> [Given material]
◇ ◇ ◇ ◇ ◇ ◇ ◇

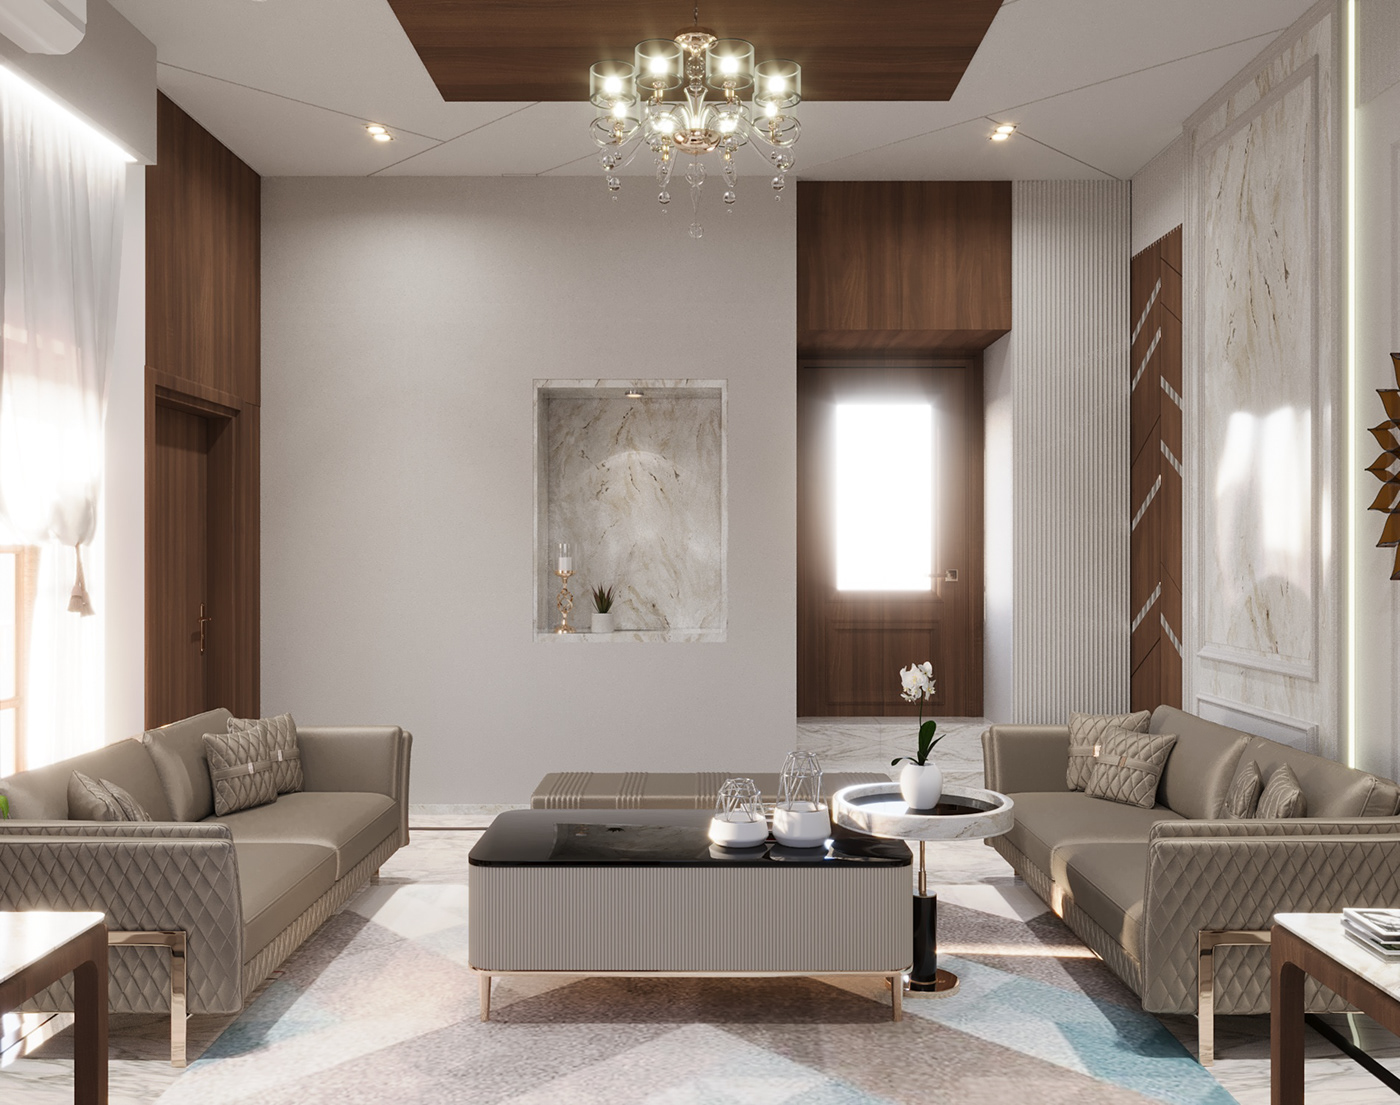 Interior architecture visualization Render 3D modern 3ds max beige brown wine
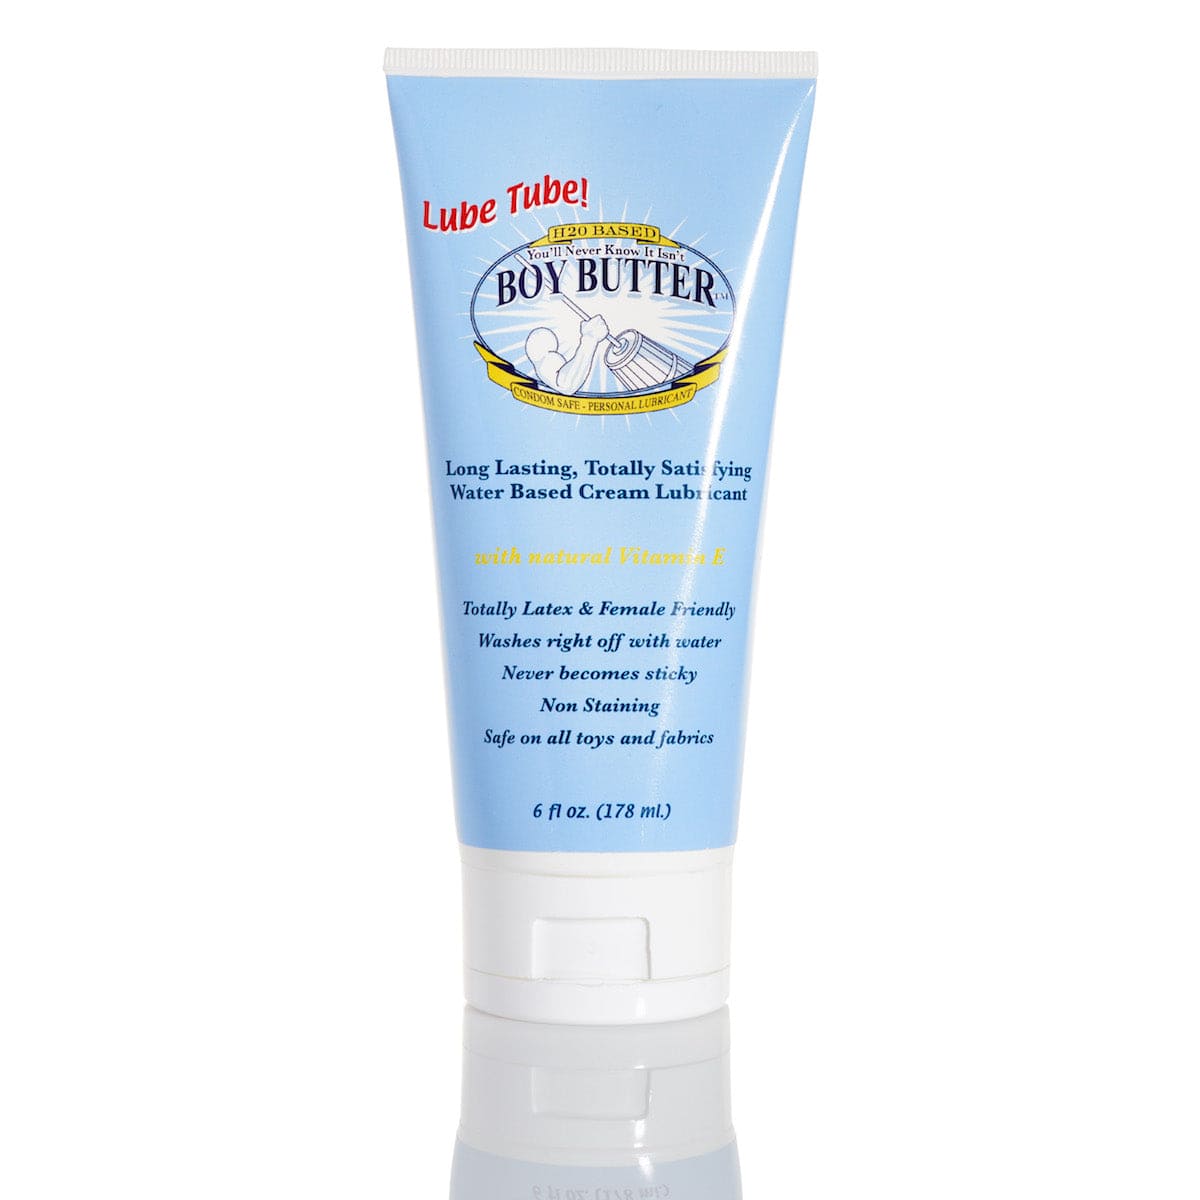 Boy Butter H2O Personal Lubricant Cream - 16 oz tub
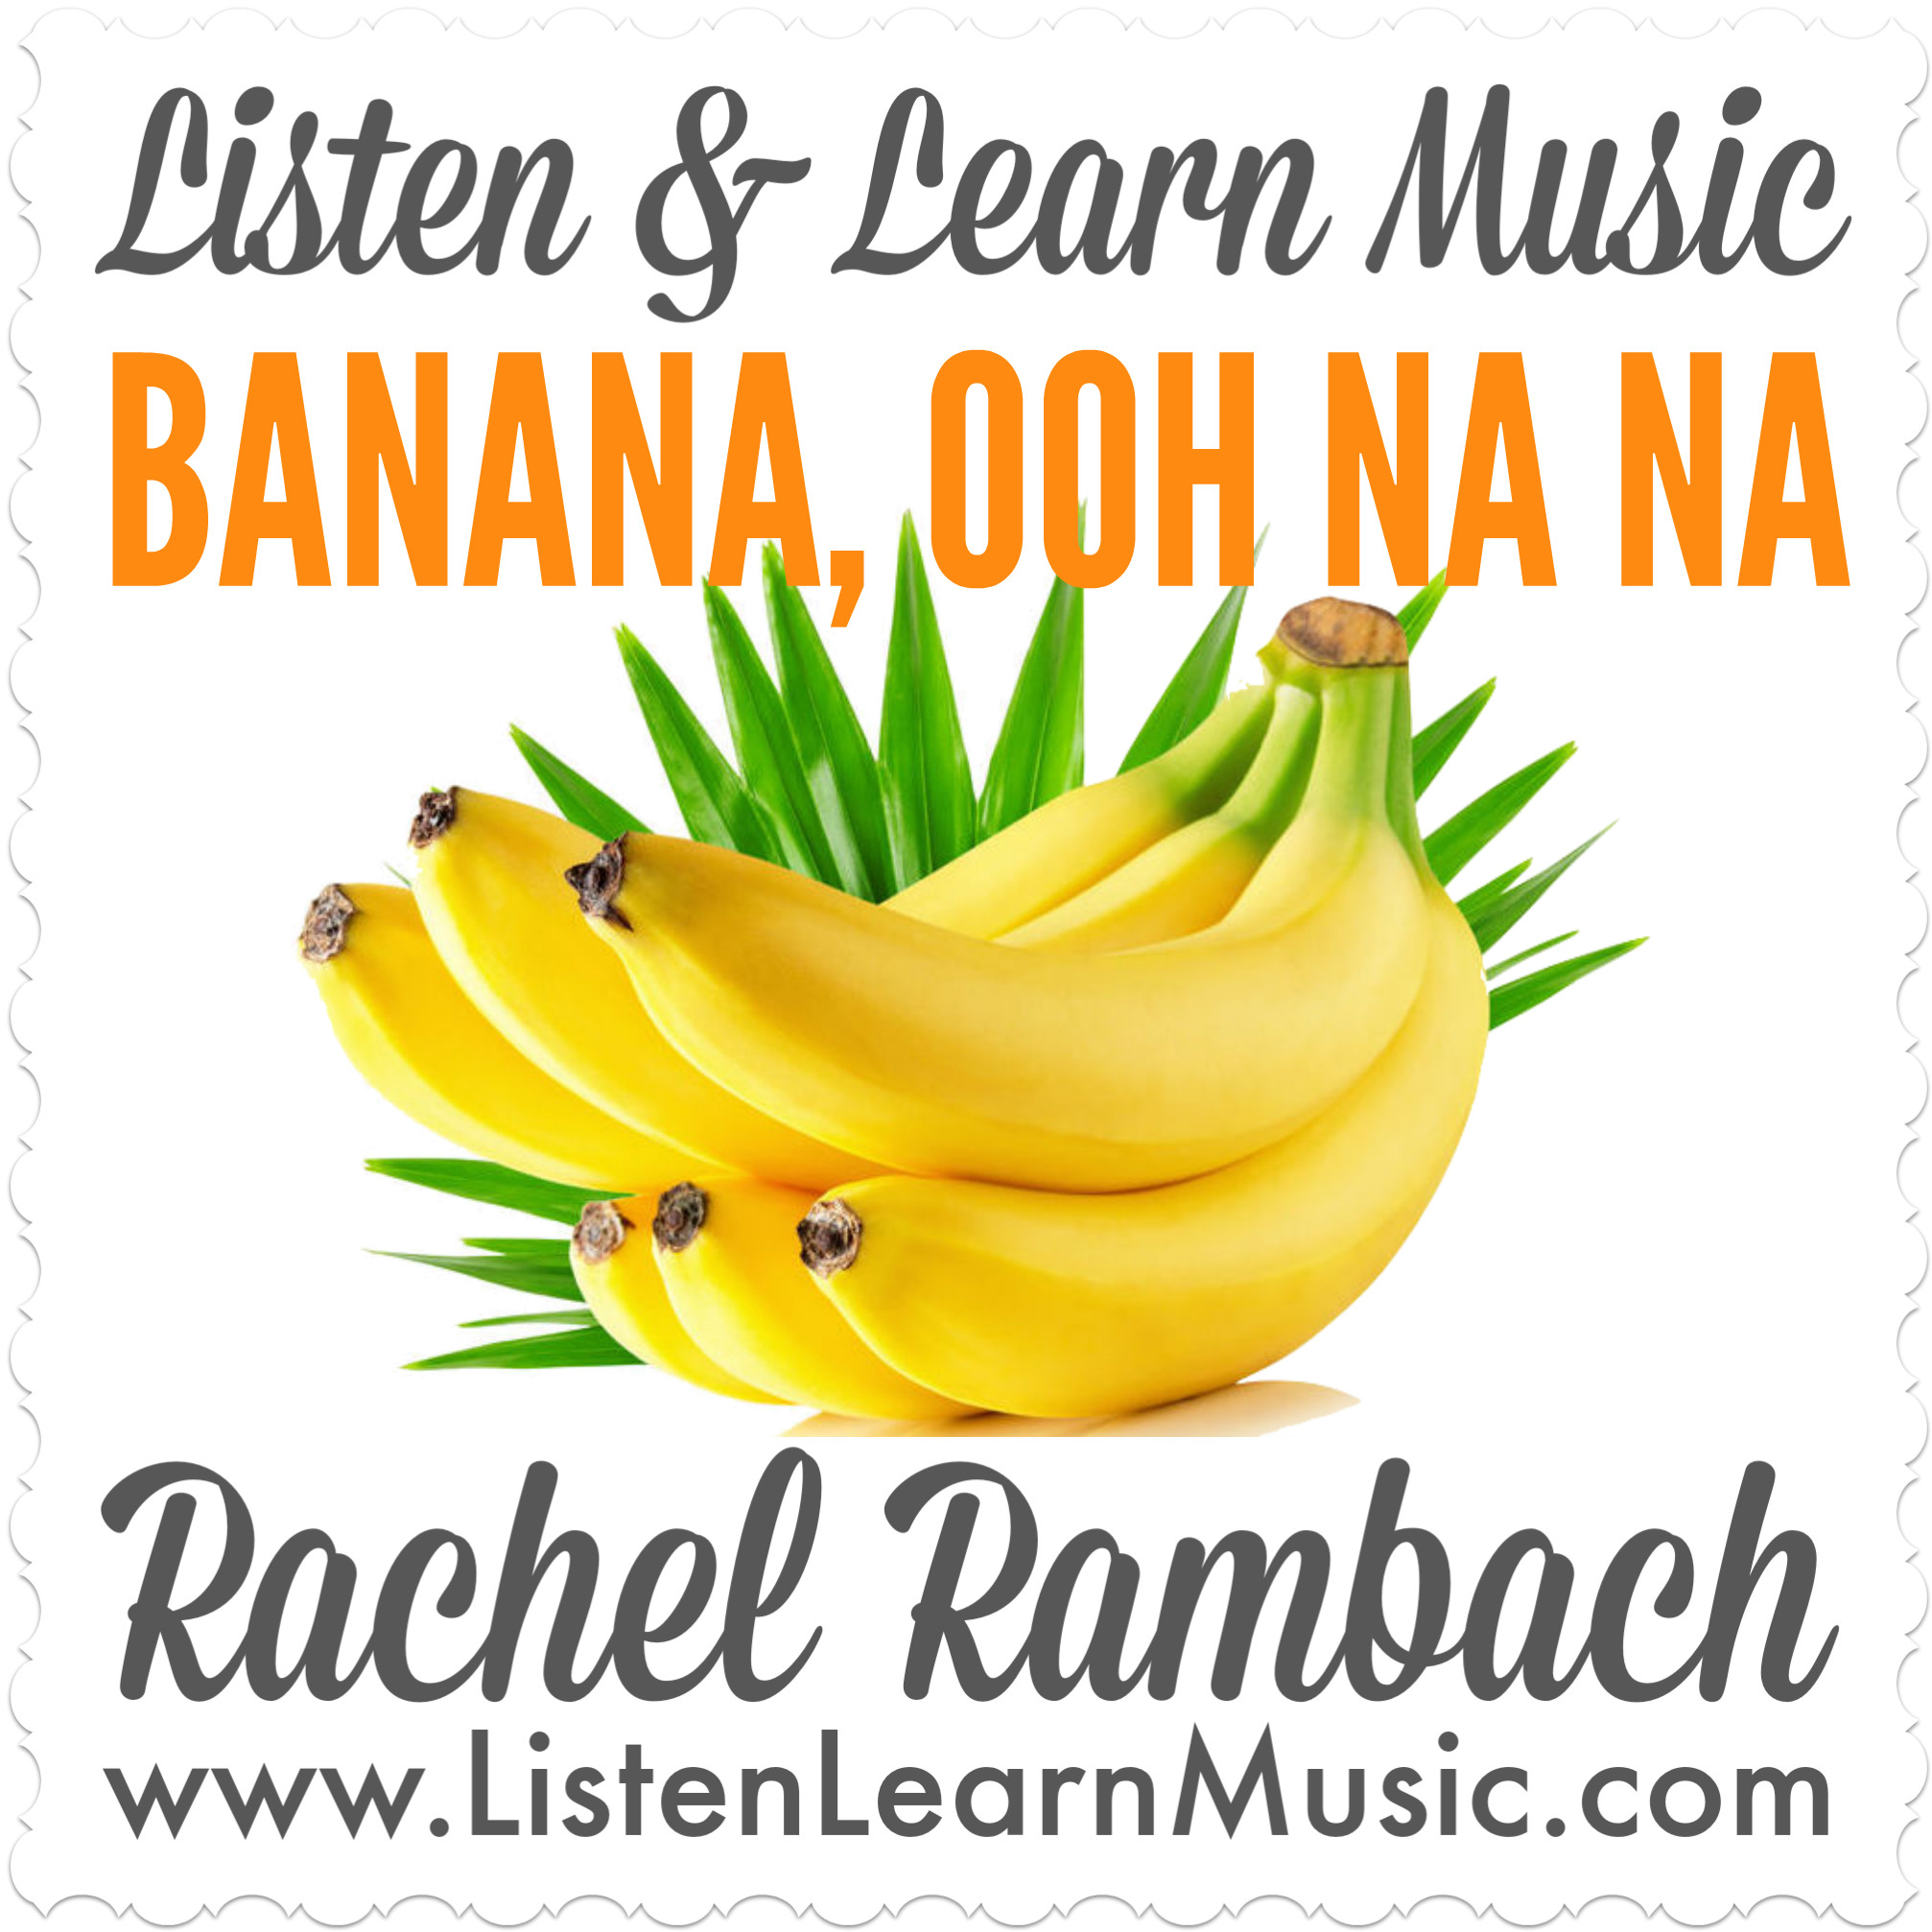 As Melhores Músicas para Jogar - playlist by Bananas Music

◇ ◇ ◇ ◇ ◇ ◇ ◇

> [Work instruction] All of the data is to be reproduced exactly, with the pictures left out.

> [Result of the task]
 Interior architecture visualization Render 3D modern 3ds max beige brown wine
 Boy Butter H2O Personal Lubricant Cream - 16 oz tub
 As Melhores Músicas para Jogar - playlist by Bananas Music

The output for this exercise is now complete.